Hello everyone, Thank you for signing up and backing this project!
Note: This update comes to you courtesy of our intern Sandipan Chatterjee who put together a couple of projects to demonstrate the advanced functionality you can achieve on the SoM.
OK, so we have some hardware that can do object detection and keyword spotting. Great! The sample code works. In order to make this really useful and be able to detect cats/dogs and your favorite sounds, you need the infrastructure to train your own models.
We will implement a class of Neural Networks called Convolutional Neural Networks (CNN for short) on the Vision SoM. Other classes of networks are possible to implement, since this is a piece of uncommitted hardware, and will be part of the roadmap of this device.
We will follow a two step process to create and use a CNN. The first step, unimaginatively called "training" followed by deployment of the trained models on devices where they do "inference". The weights between neurons are modified during training but kept constant during inference.
Neural networks are trained by presenting the network with an image or other data and comparing the output with the ground truth. An error signal is generated that is used to tweak the weights in the network. Assuming you set the various learning rate and other network parameters correctly and have good quality annotated data, the weights will converge. Over the course of training, this convergence indicates that the network has learned about the inputs presented to it.
You will need a software framework (usually Python based) as well as powerful GPU’s to do the training. This sort of compute is normally out of reach to most developers. However, Google has created a framework called Colab where you can run your training on bleeding edge hardware at no cost!
We took the Lattice SensAI example code and ported it to the Google Colab framework so that you can easily try out the training for yourself and experience the excitement of being able to go end-end with the process. This code is now released on GitHub.

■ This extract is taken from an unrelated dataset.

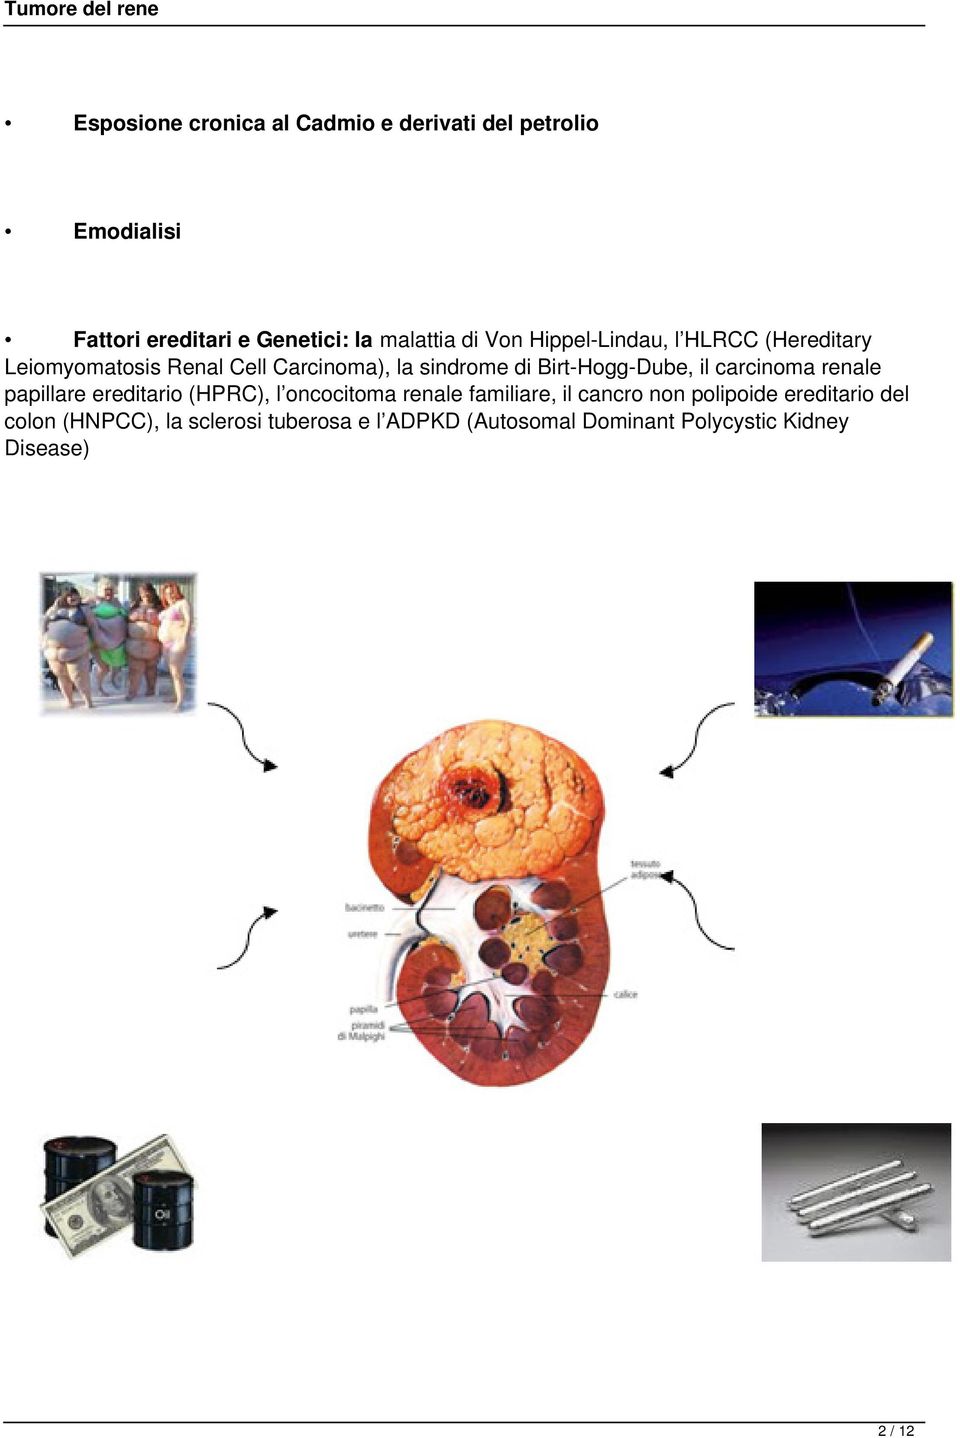 il carcinoma renale papillare ereditario (HPRC), l oncocitoma renale familiare, il cancro non polipoide

In the next update, we’ll look at a few examples of what the SoM can do!
The project is not yet buttoned up! A lot of work remains in terms of software, documentation, marketing, training framework, hardware verification and so on. We invite you to collaborate using the Crowd Supply Discord channel and/or the tinyVision Discord channel.
Both the Object and Audio detection projects needed a bit of digging through code. This is especially difficult because understanding other people’s code without much documentation can be painful. A shout out to the Lattice team for their continued assistance throughout our journey!